VICTOR VASARELY – LAHUMIERE

Galerie Lahumière
17 rue du Parc Royal, 75003 Paris
October 17 - December 17

© Galerie Lahumière Paris

In 1988, for our last Vasarely exhibition, Werner Spies wrote in our forword… It would suffice, and the time is ready, to have a critical retrospective of his work. Without a doubt, a glance at the extraordinary paintings of the Denfert, Belle-Ile and Gordes-Cristal periods, the photographisms, the planetary folklore and the permutations, will bring us the Vasarely that we still need. Twenty three years passed and no parisian institution made up her mind to show his works. Therefore we decided to close the gap and present in our house on three floors extraordinary works from 1948 onwards, illustrating the five periods described by Werner Spies.

 

Victor Vasarely was born in Hungary in 1906 and died in Paris, 1997. He studied at Sandor Bortnyik’s Muhely (the Hungarian Bauhaus), where he learned to find ways to “go beyond painting” via the geometric-abstract trend that the Bauhaus adapted to every field of art.

 

From a black-and-white period that lasted into the 1960s, Vasarely moved into a kinetic art also known as “optical art,” or Op Art. Works such as Bellatrix (1957) pointed in this direction: by a slight shift and vertical cut in circles he managed to create a certain optical illusion. The works Belle-Ile Meaux and Tampico, inspired by the island of Belle-Ile in Brittany, testify to his avowed efforts to render visible certain deformations based on pebbles on the beach.

 

By the early 1960s Vasarely was developing his own visual alphabet, which he also dubbed “planetary folklore.” This alphabet, inspired by Herbin (see his rough notes of 1973) enabled Vasarely to decompose an image into multiple, regular geometric pieces, called “visual units.” Each piece of this puzzle could be lifted and inserted at another point in the composition.

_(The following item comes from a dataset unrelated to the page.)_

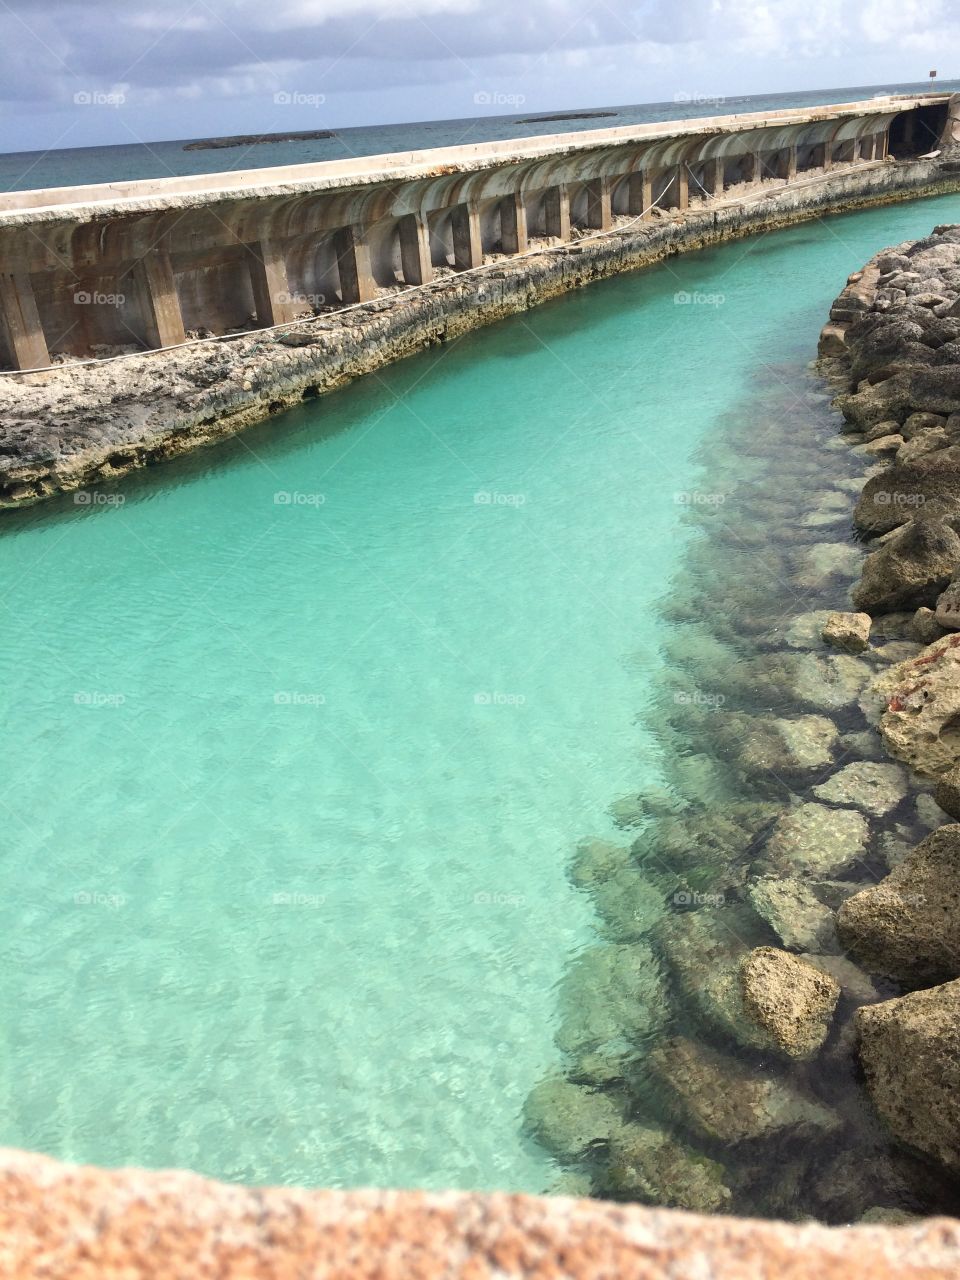 Sea Wall in Nassau, Bahamas at the Atlantis Resort.

A series of multiples and sculptures were conceived using this approach, as were major architectural projects such as a university dormitory in Caracas and a teacher’s school in Essen, not to mention a huge fresco in Montparnasse station in Paris and various private applications.

 

The field of a painting was handled in an “all over” manner, right to edges, so that there were no longer any privileged zones; form and content, top and bottom, right and left all became interchangeable, as seen in Majus 1967/68. Earlier works had already been signed at the top and the bottom. With such compositions Vasarely sought to address all beholders as equal, rejecting the need for prior cultural knowledge; his works could be immediately grasped and understood.

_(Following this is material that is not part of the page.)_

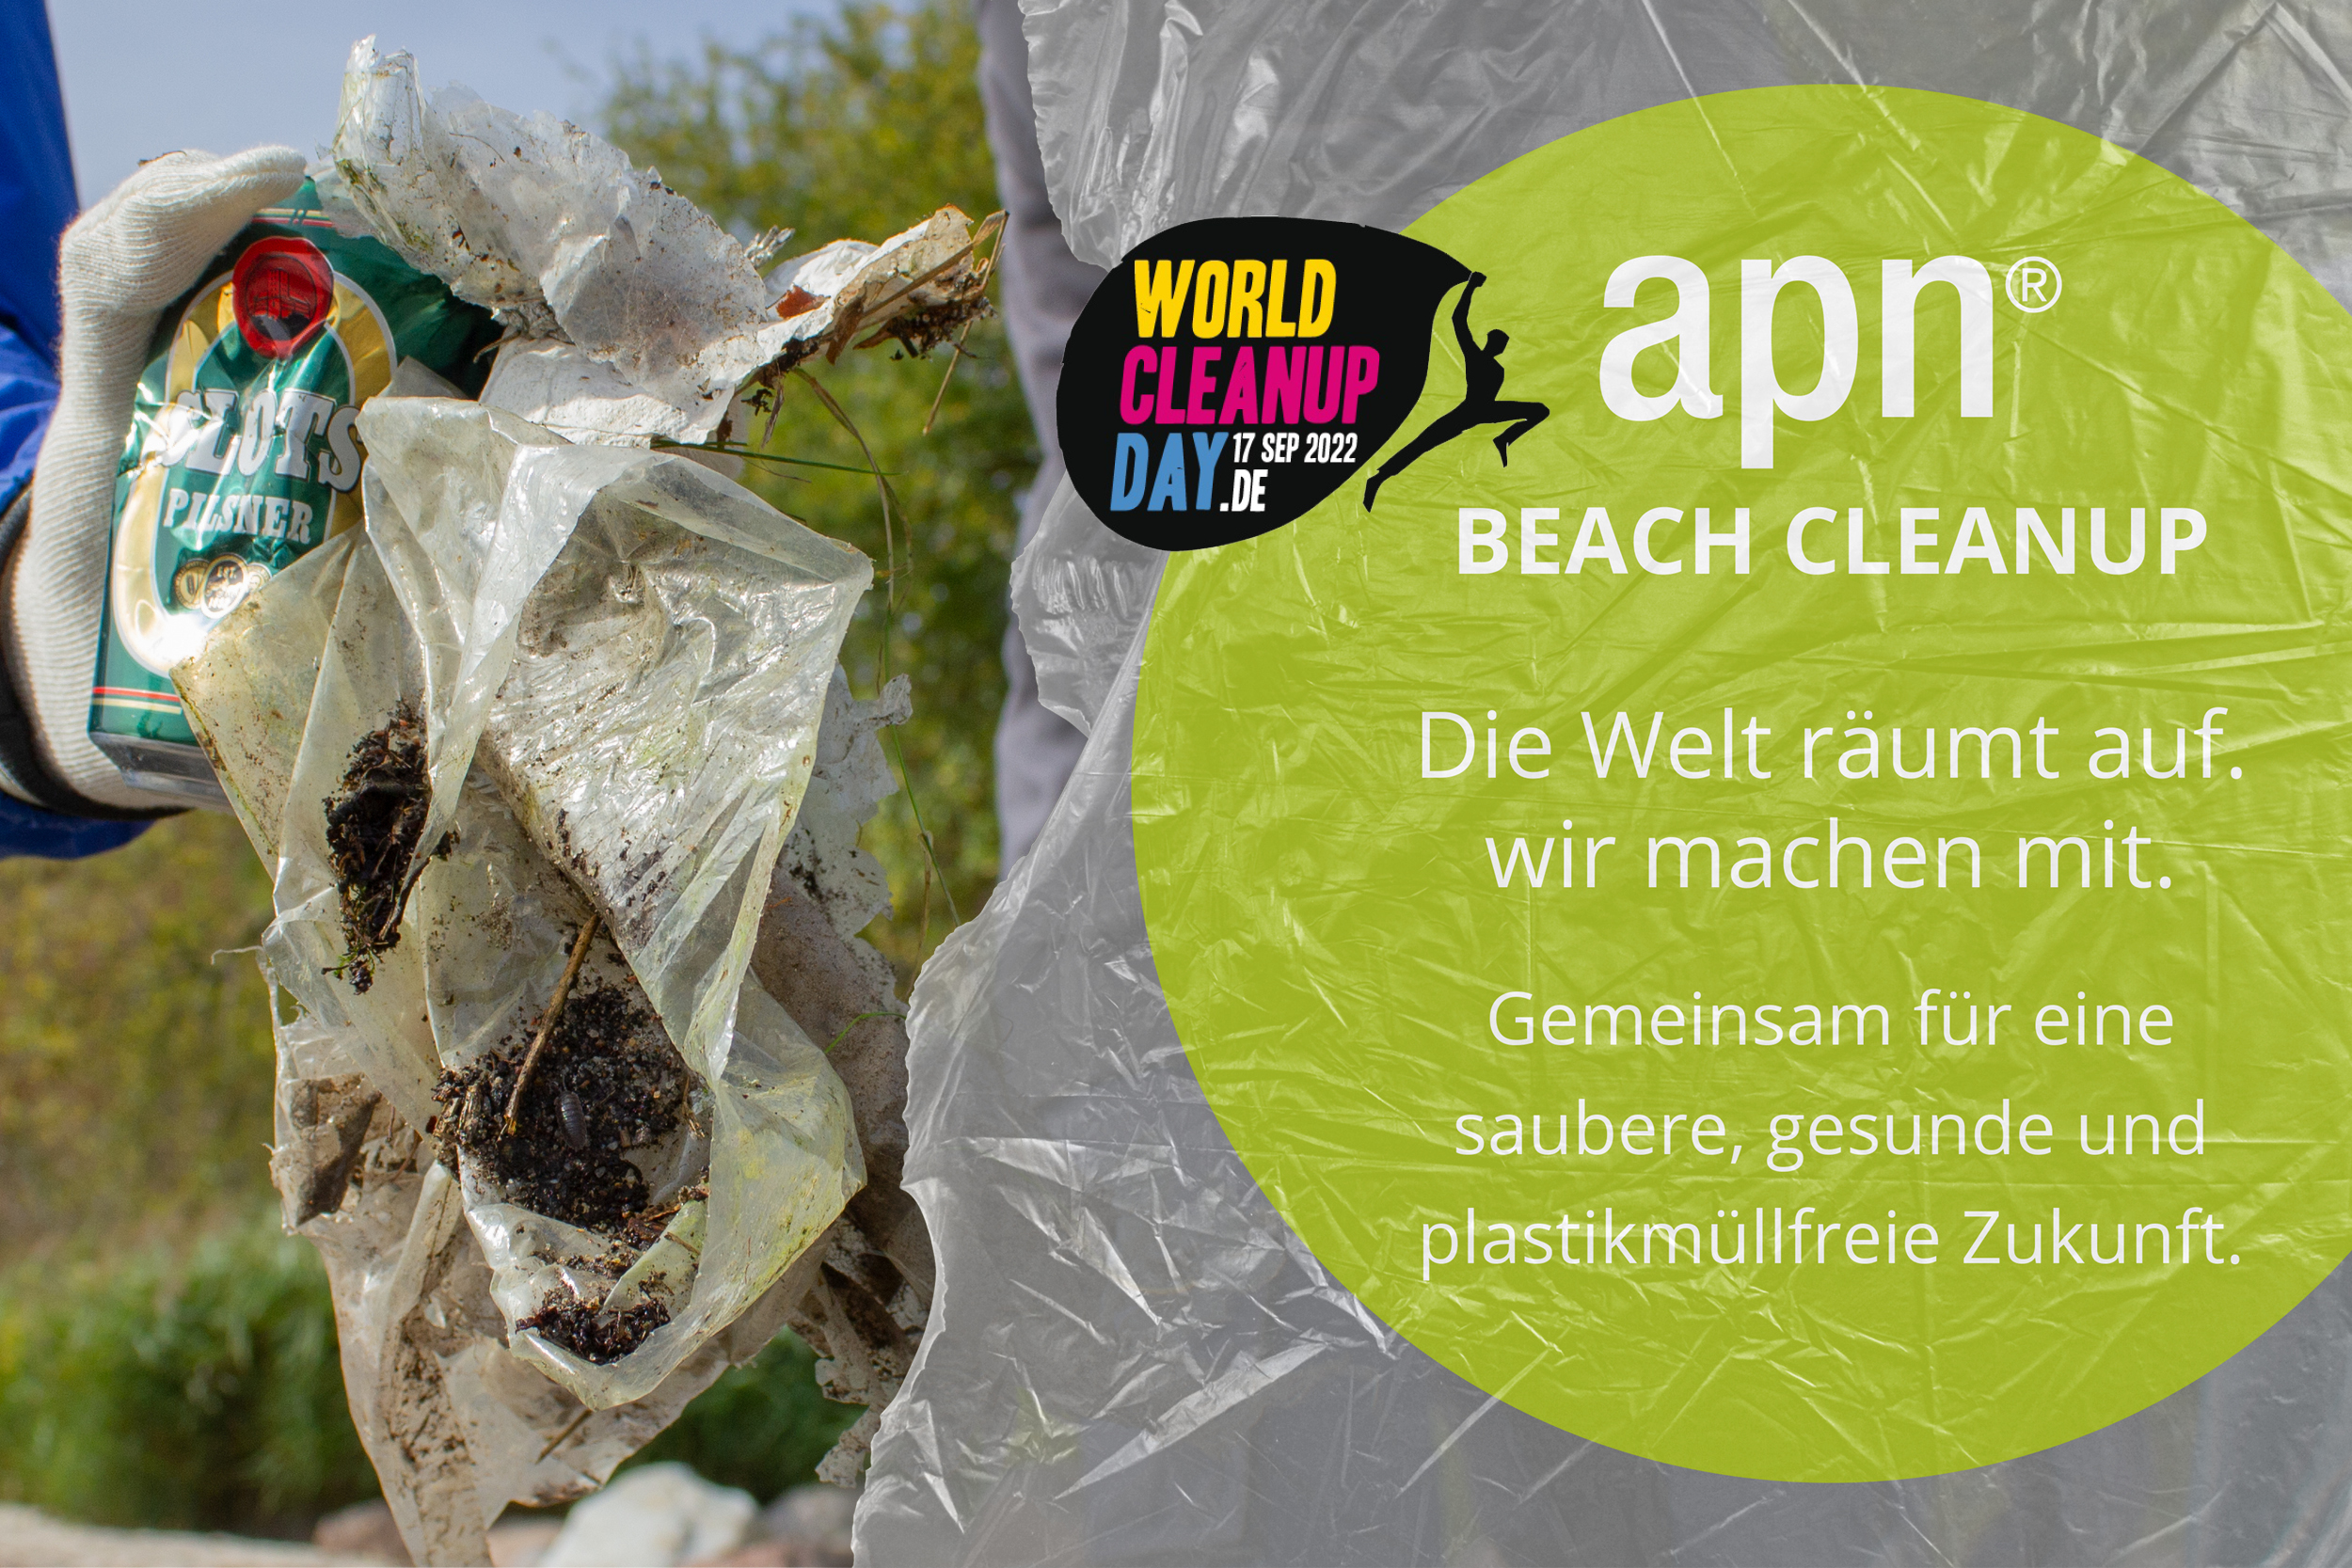 Die Welt räumt auf - Beach Cleanup

The underlying wealth of Vasarely’s oeuvre became truly visible once he began working with color. He made spheres such as Cheyt-rond 1970  in which color above all suggested the third dimension to the viewer. Yet works from the Gestalt series – see Gestalt-Ville  1969  – also used color to reveal the possibility of reversibility, where form can be perceived and felt in a positive and/or negative mode.

In the years that followed, Vasarely tirelessly, significantly pursued his kinetic ideas. He served as a mentor to many artists of the younger generation, and his once disdained works now appeal to a new public.